We're all supposed to have money in the bank for emergencies -- things like home repairs, car repairs, or even job loss. A lot of my emergency cash is tucked away in a savings account, which is a good thing and a bad thing. It's good because I get to earn a little interest on my money, but I can also access that cash at any time. It's bad because, well, I can access that cash at any time.
I'll admit that through the years, I've been tempted to raid my emergency fund for non-emergency purposes. Many years ago, some friends decided to take a last-minute vacation that I wanted to go on, but it wasn't in my budget. I was really close to pulling the money out of my savings account when the responsible part of my brain kicked in and forced me not to. But, man, I came close.
It's for this reason that I now divvy up my emergency cash between a regular savings account and a certificate of deposit, or CD. And having money in a CD has actually helped keep me away from it.
CDs typically pay a higher interest rate than savings accounts do, but in exchange, you commit to locking your money away for a preset period of time. On my end, I tend to choose shorter-term CDs -- those that range from six months to a year. Doing so helps keep my emergency fund safe, but also helps me keep my spending in check.
Closing out a CD early means getting penalized to the tune of several months of interest. Right now, that's not a very meaningful penalty, since CD rates are pretty low, but at times when rates are more substantial, it can be a lot of money to give up. And the whole idea of not wanting to forgo that interest has prompted me to leave that money alone at times when I've been tempted to take a withdrawal.

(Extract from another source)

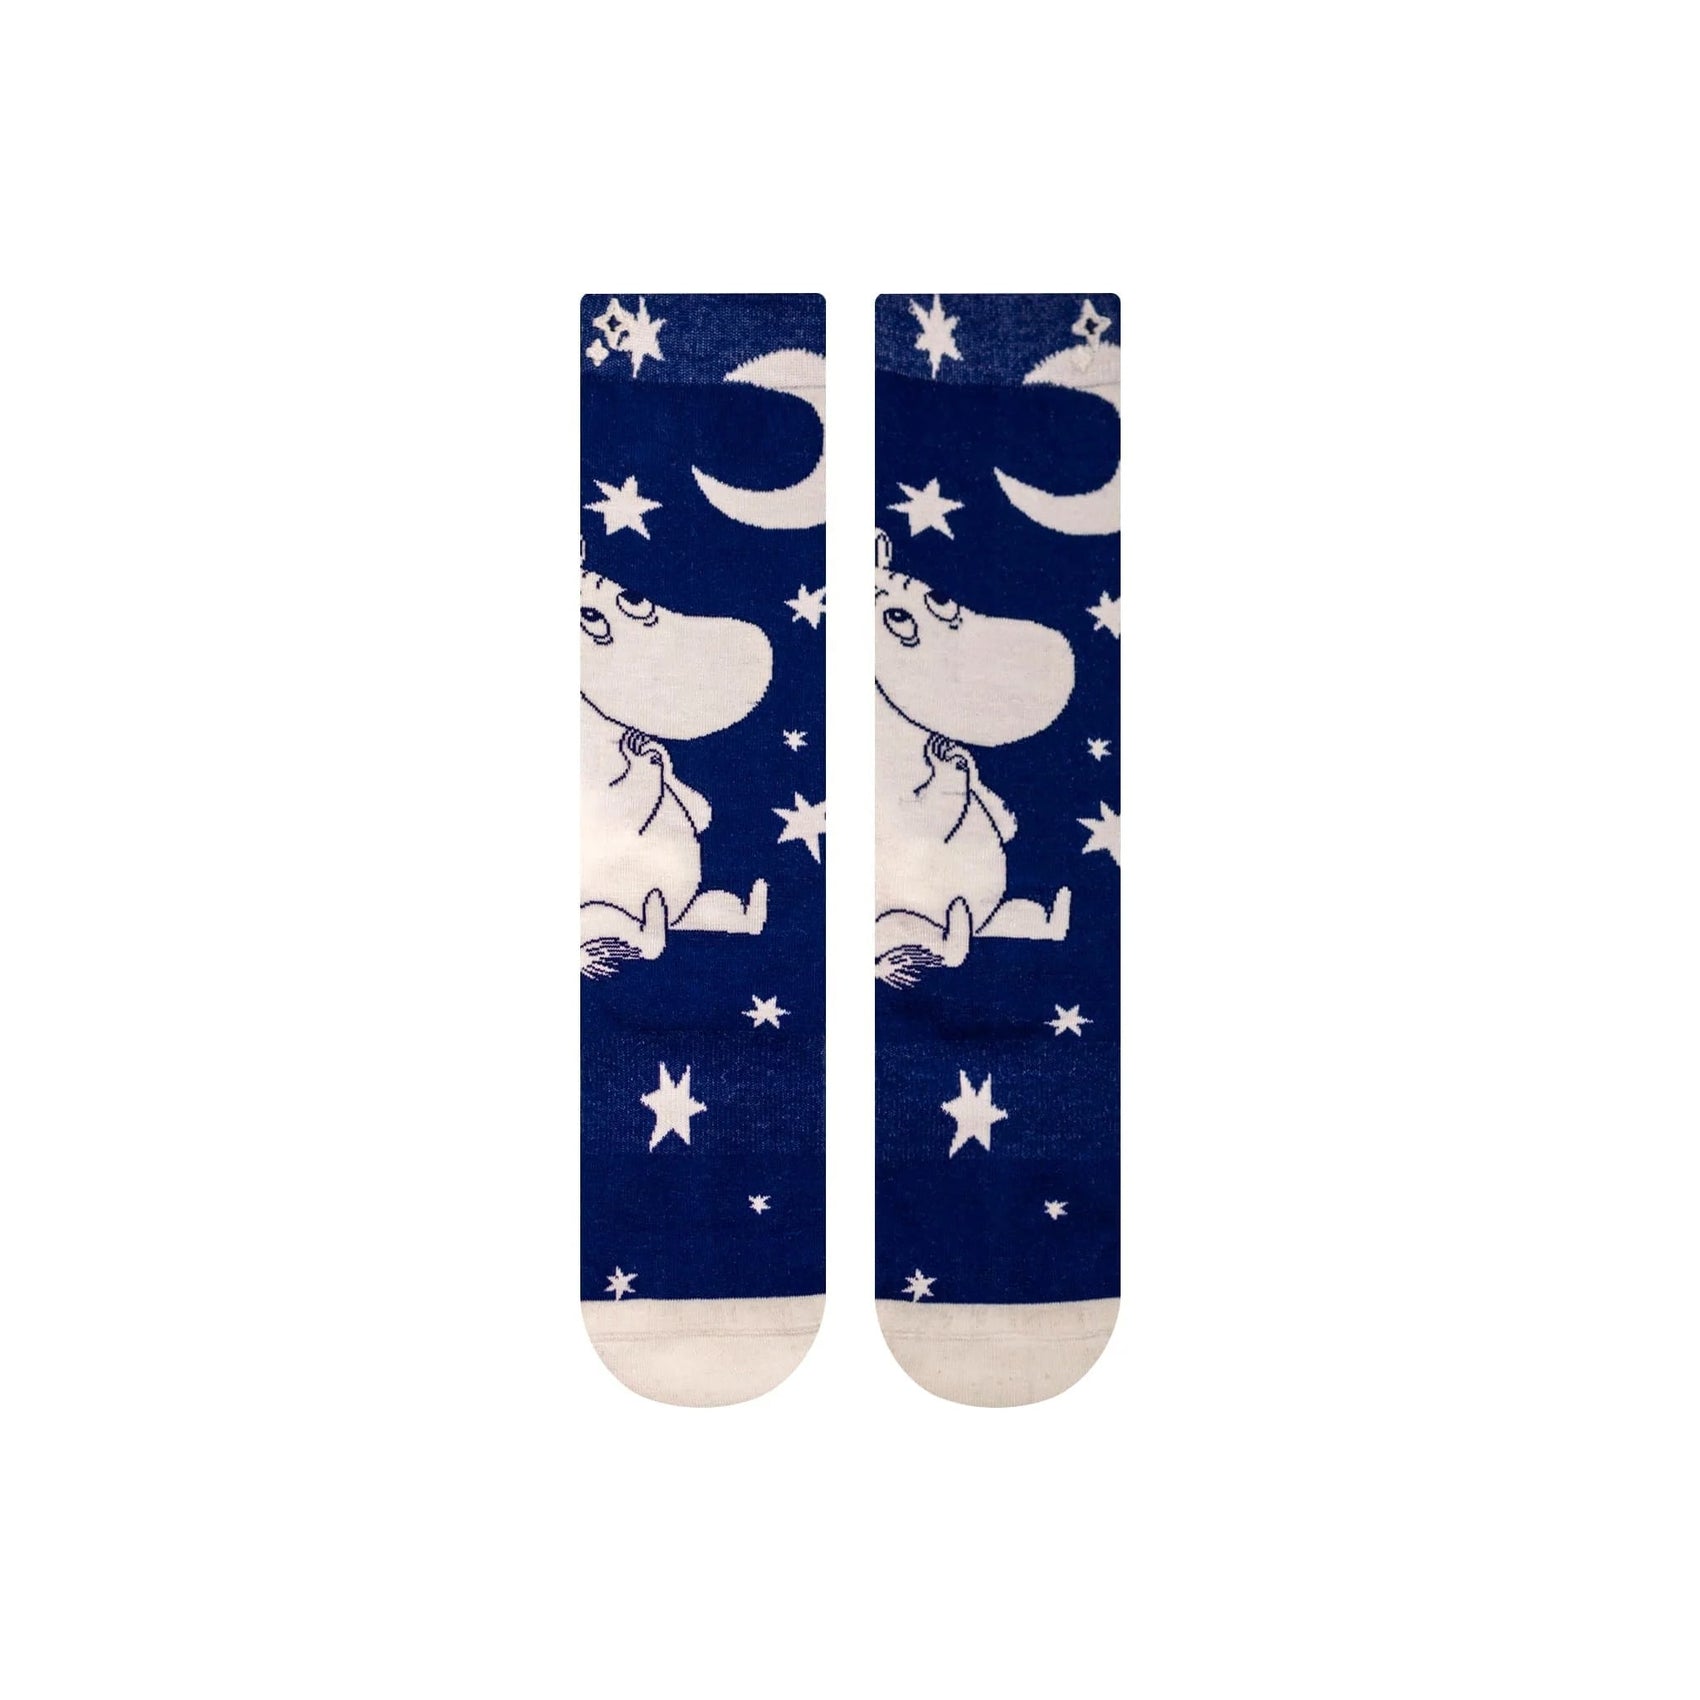 The Moomintrolls Nvrlnd Socks, Stars

For example, my husband and I finished our basement a few years back and we had decided that we'd pay for the project using his bonus from his job plus extra earnings from my work. As a freelance worker, I can take on extra projects to drum up more cash, and I'd been pushing myself so that we could afford that basement project. But as is often the case with renovations, the project wound up costing more than expected. At that point, we were tempted to dig into one of our CDs to scrounge up the money, but we didn't, because the CD was close to coming due and we wanted to collect our interest. Instead, we cut back on our summer vacation plans, and I worked even more hours that month to make it happen.

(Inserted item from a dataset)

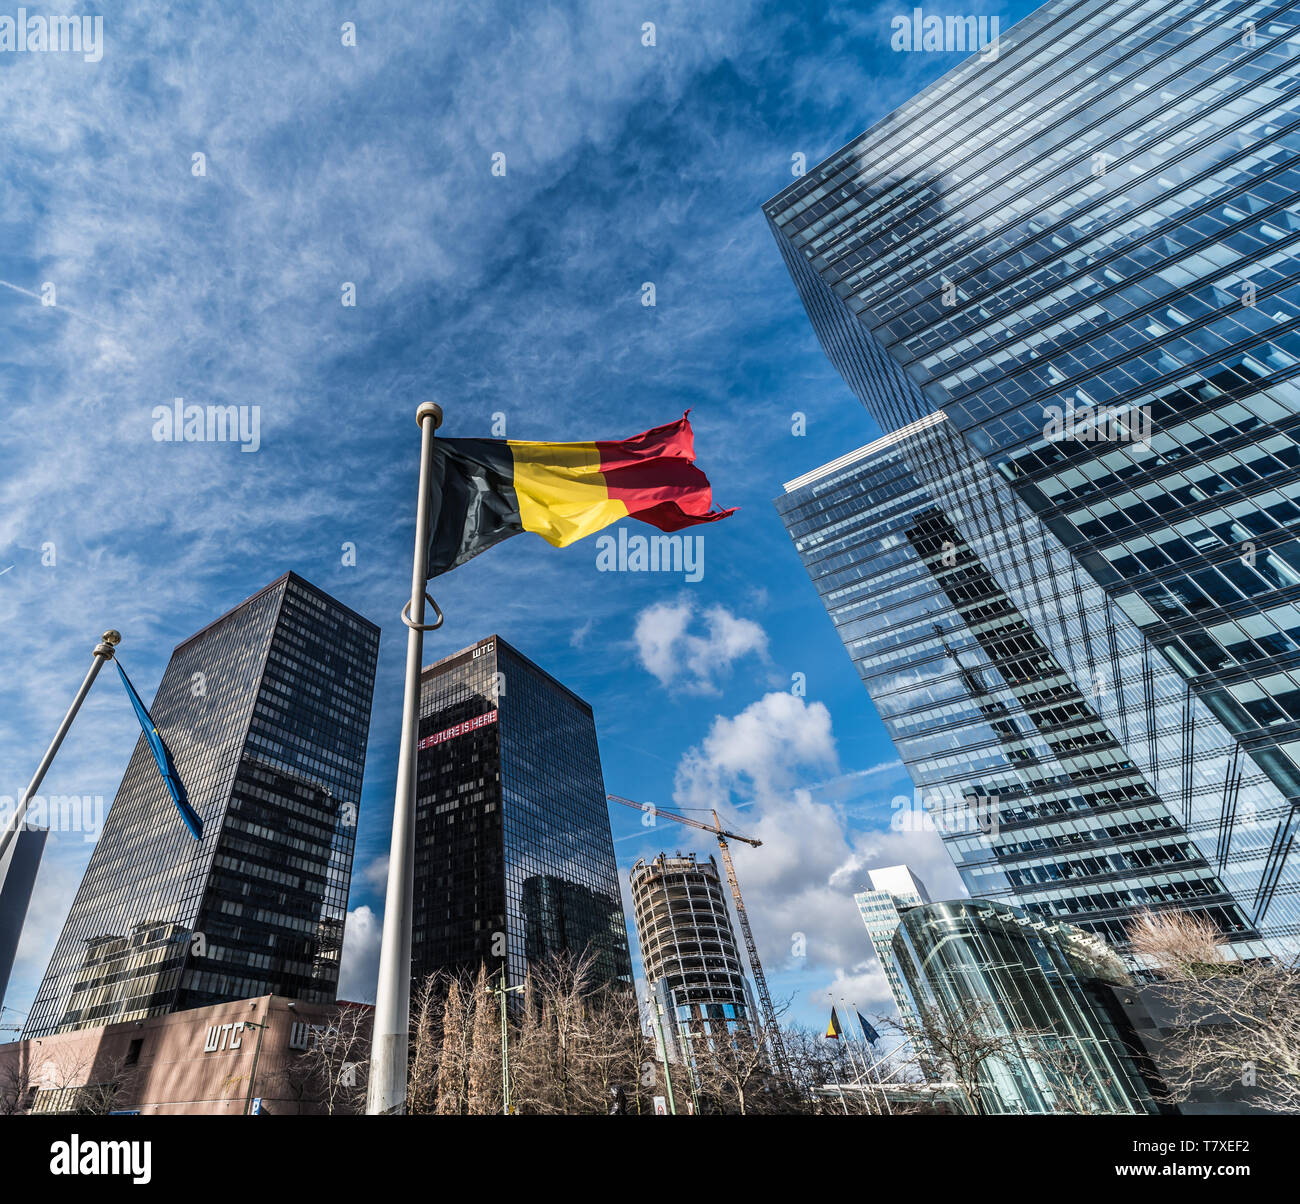 Bruxelles, Belgio - 03 10 2019: Contemporanea in vetro e acciaio grattacieli del poco Manhattan quartiere finanziario e commerciale con una bandiera belga Foto Stock

And yes, we could've just as easily dipped into our regular savings account and avoided a penalty, but the point is that we realized there was another way to get that money without having to touch our savings at all.
Now, some people might wonder if a CD is the smartest place to stash your emergency fund. While I agree that you shouldn't keep your entire emergency fund in a CD, splitting it between a savings account and a CD isn't necessarily a bad idea, especially if you stick to short-term CDs.

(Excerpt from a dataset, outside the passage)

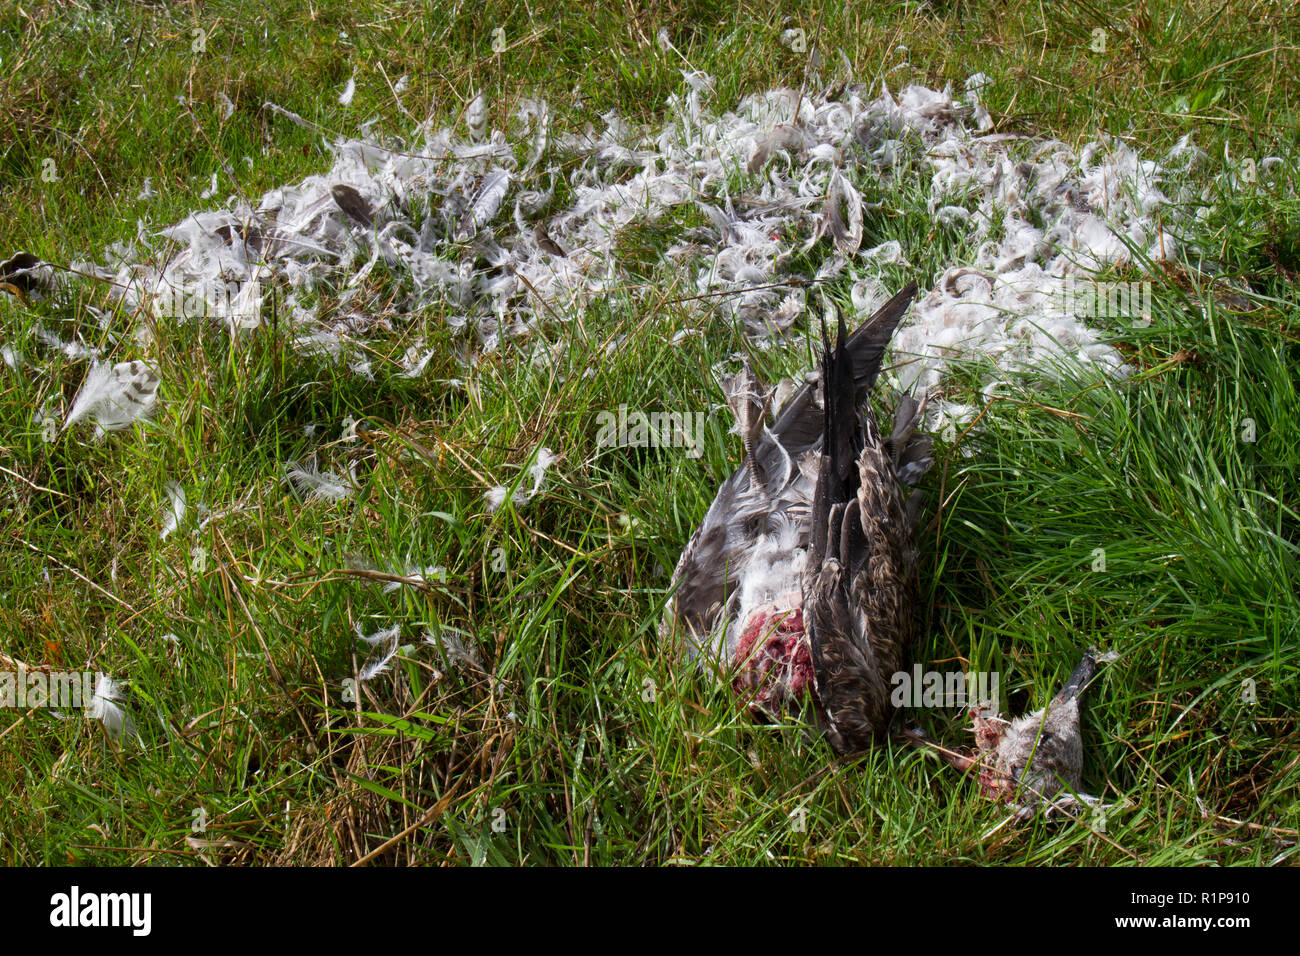 Lesser black-backed gull (Larus fuscus) rimane di un bambino ucciso e in parte mangiato da un uccello da preda, probabilmente un falco pellegrino (Falco peregrinus Foto Stock

Say you have six months' worth of living expenses in the bank. Chances are, even if something bad happens, you won't need all of that money right away. So if you have half in a savings account and the other half in a six-month CD, by the time you need that second half, your CD may have already matured. This isn't to say there's no risk in putting emergency savings in a CD -- but in a worst-case scenario, the only thing you're losing is a few months of interest. Ultimately, your principal CD contribution is still all yours to take, even when you cash out early.
For me, the value of CDs isn't just the extra interest they pay -- it's their "off limits" nature that helps me avoid spending extra or dipping into my savings when there's a better way to tackle expenses. And while CD rates aren't wonderful today, they're likely to rise again in time, so it's worth keeping CDs on your radar if you need that discipline in your life as well.